Smith squelched a yen to paste the punk in the jaw. That would be no way to get any information out of them. The Manual had a long section about dealing with recalcitrant witnesses. Force, it said, unless followed up with torture, which is forbidden, tends to dry up a prospective witness as a source of information. Work on the witness’s emotions. Use flattery, cajolery, sympathy, understanding.
He decided to use his ace in the hole. “Do the Feds know you boys are here?”
The tall one pushed the shorter one aside and stood squarely in front of Smith. “You ain’t throwing a scare in us!” he said slowly. “We ain’t in no jam with the G-boys.”
“No?”
“No!”
“They know anything about the stuff McGurn was peddling for you over his crap tables?”
“What stuff?”
“Yeah!” the short one threw in. “We don’t know what you’re talking about!”

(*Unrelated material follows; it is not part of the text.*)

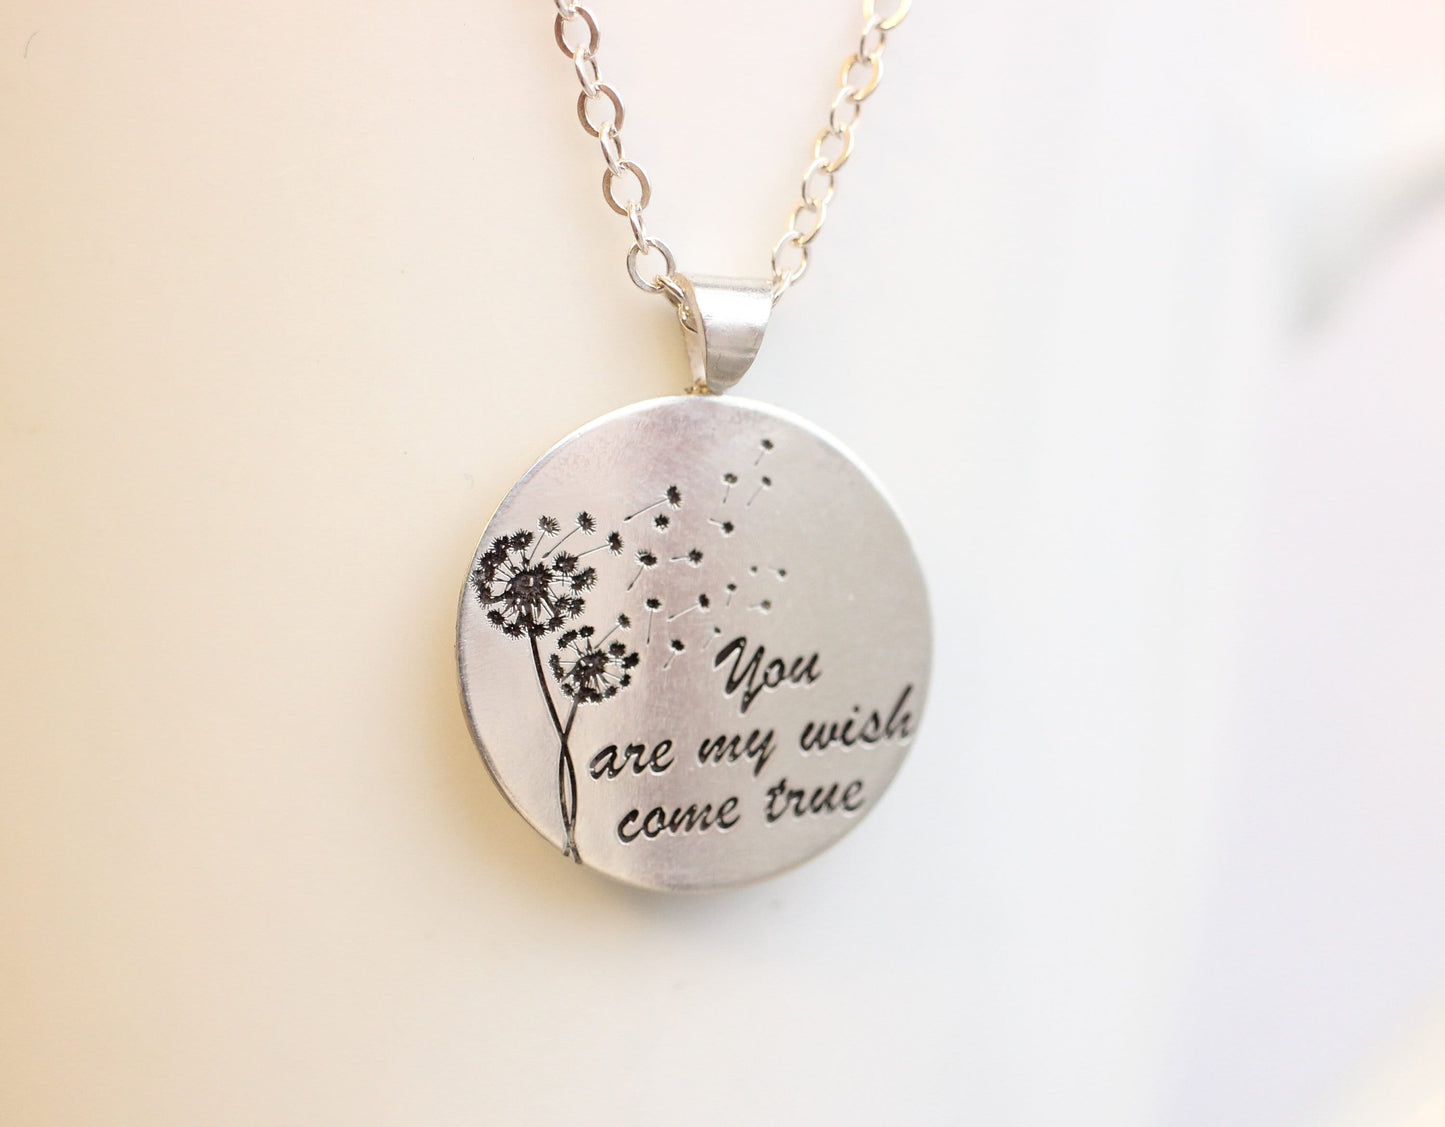 Dandelion Necklace // Personalized Sterling Silver Necklace - Custom Engraved Wish Necklace Valentine's Day Gift - You Are My Wish Come True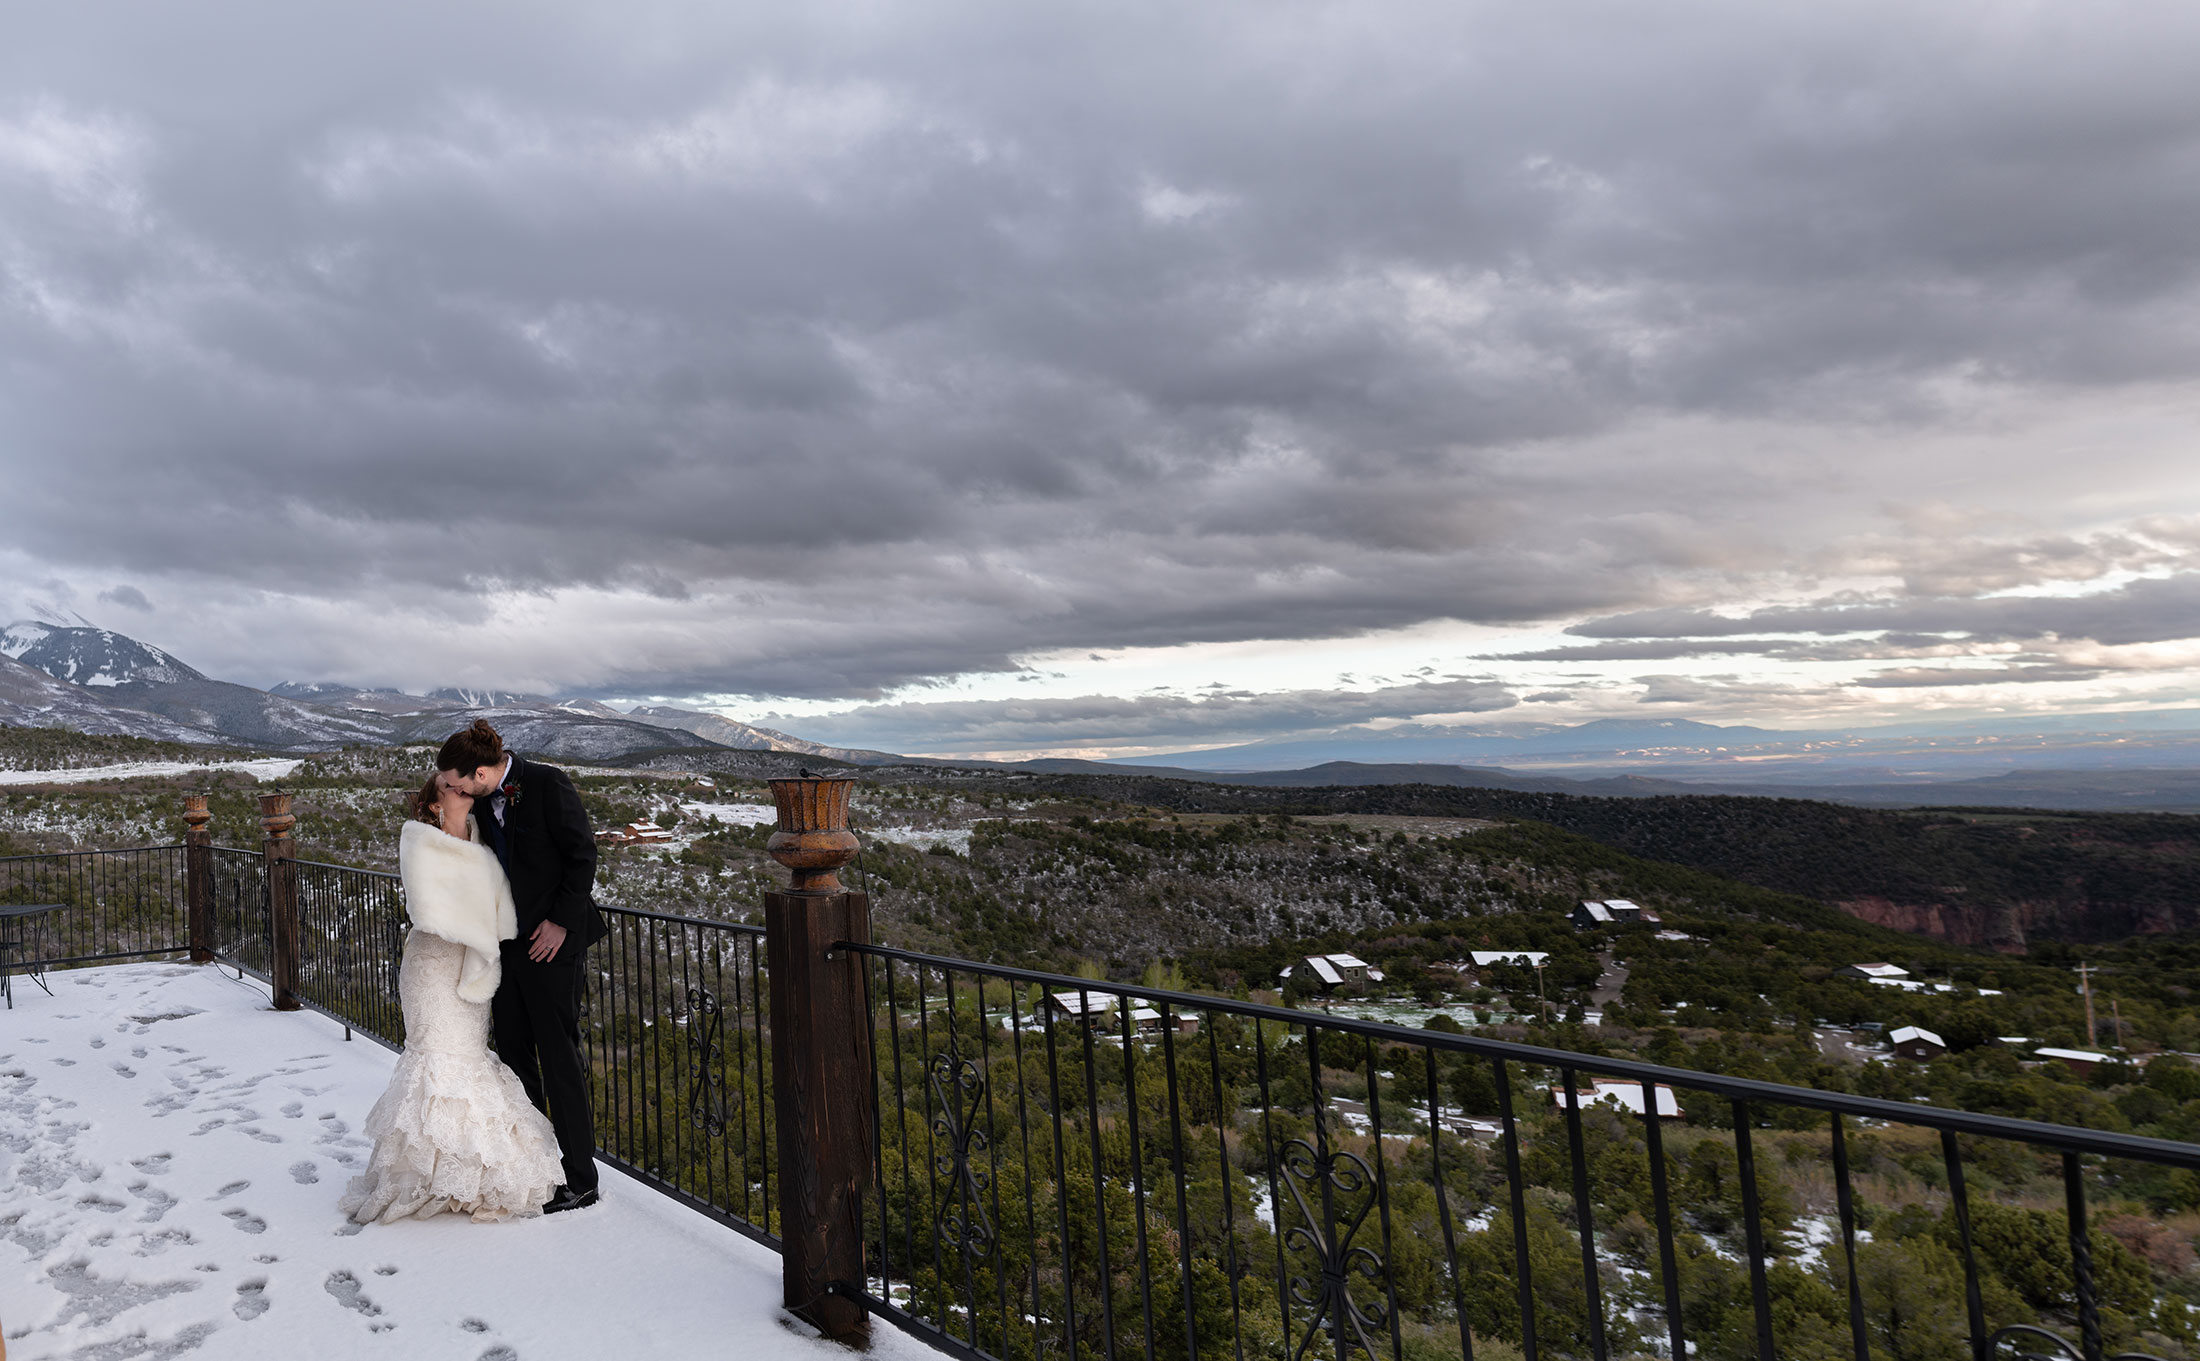 A Moab wedding up in the mountains with snow.

Smith grabbed hold of the tall one’s coat lapels and pulled him. “You punk!” he said. “I know you guys sent McGurn hot dough. I know he passed it for you. Now either you come across with the info I want or I go to the Feds!”
The tall one was cowed. “I tell you we—”
Smith dropped him. “Okay, it’s the Feds.” He turned for the door. “If that’s what you want!”
“Wait a minute!” the shorter one called out.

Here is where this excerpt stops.